◆ **Work task**:
A verbatim transcription of the listing below is required, without its pictures.

◆ **Data block**:
[Start of section]
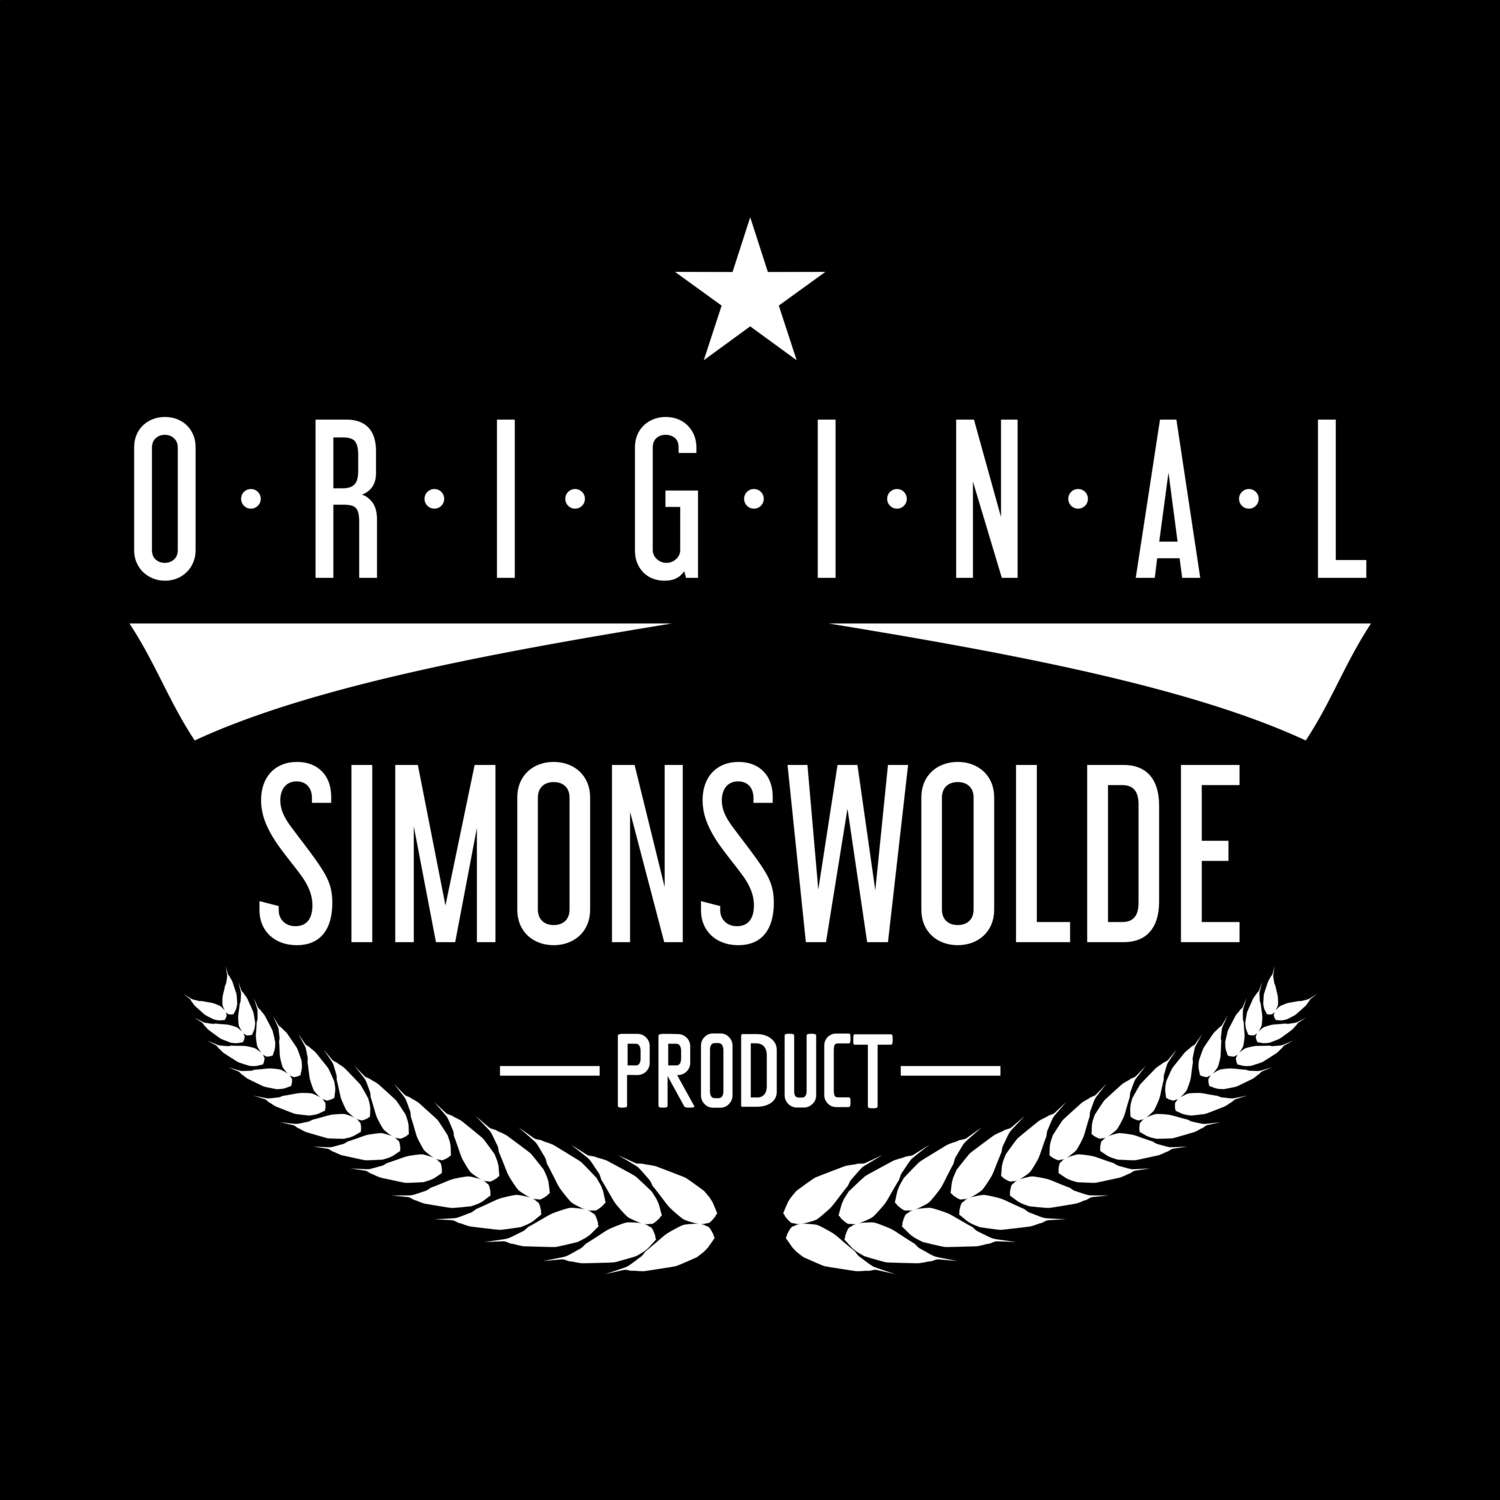 Simonswolde T-Shirt »Original Product«
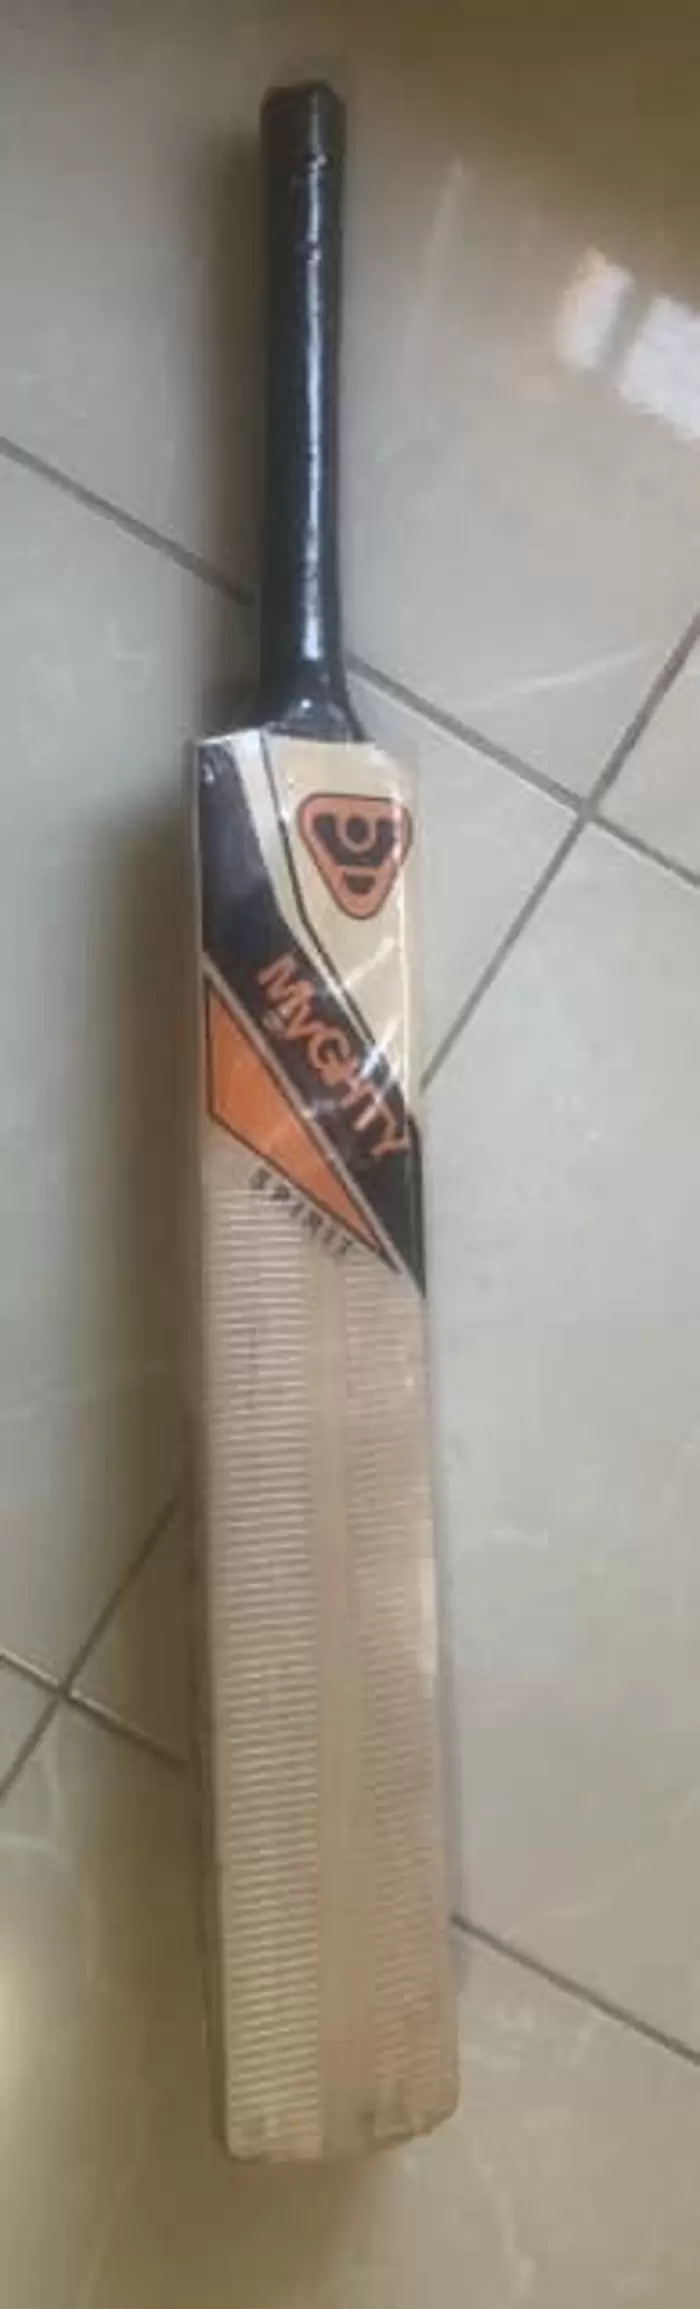 Beginner brand new cricket bat
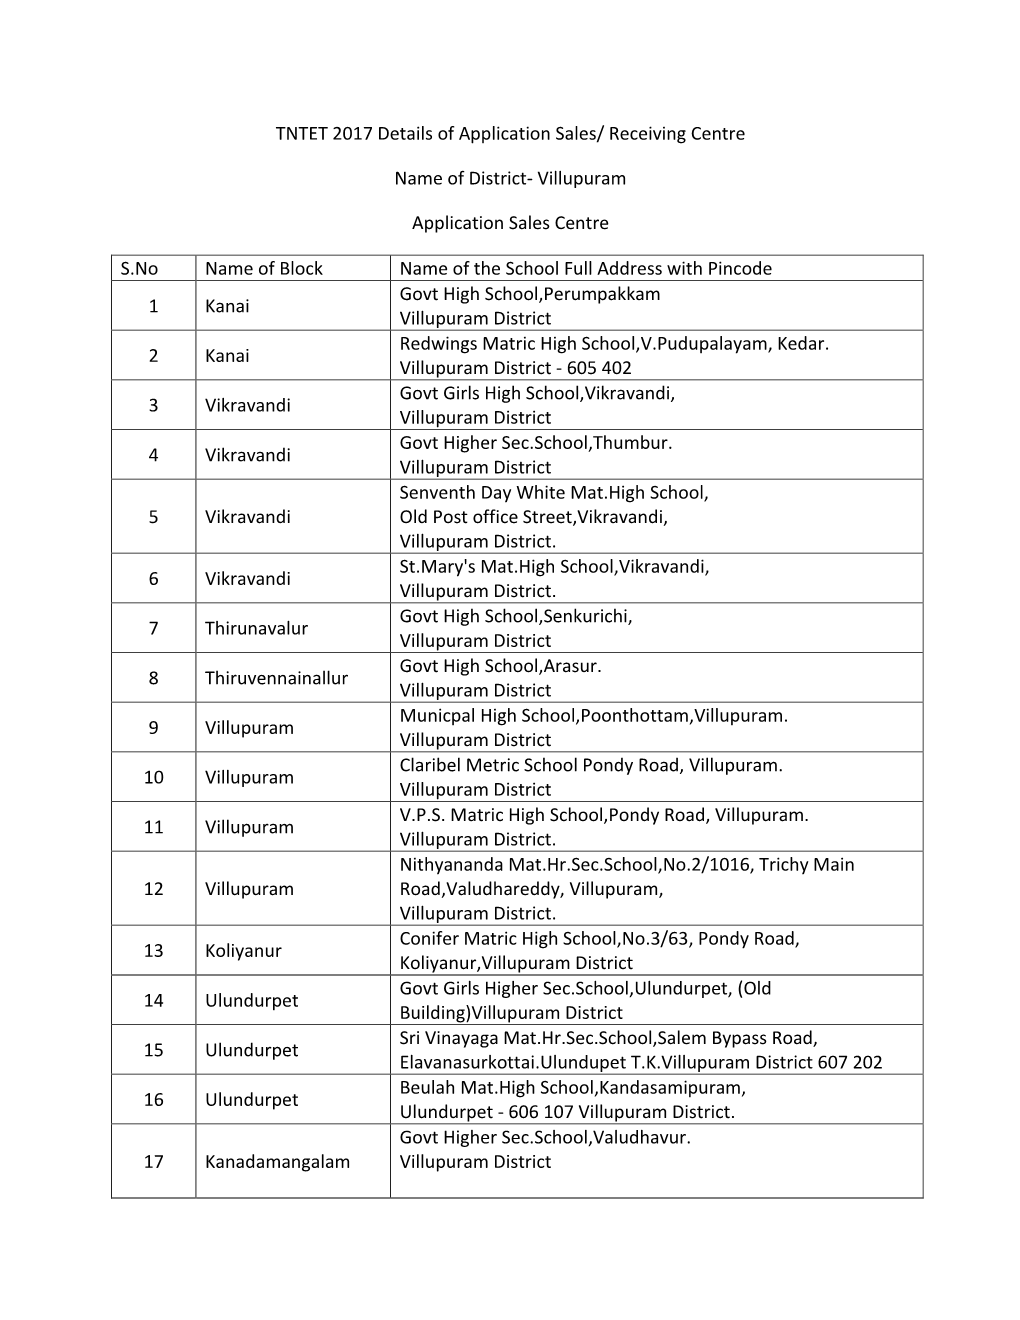 Receiving Centre Name of District- Villupuram Application Sales
[End of section]
◆ **Task result**:
 Simonswolde T-Shirt »Original Product«
 Beginner brand new cricket bat
 Receiving Centre Name of District- Villupuram Application Sales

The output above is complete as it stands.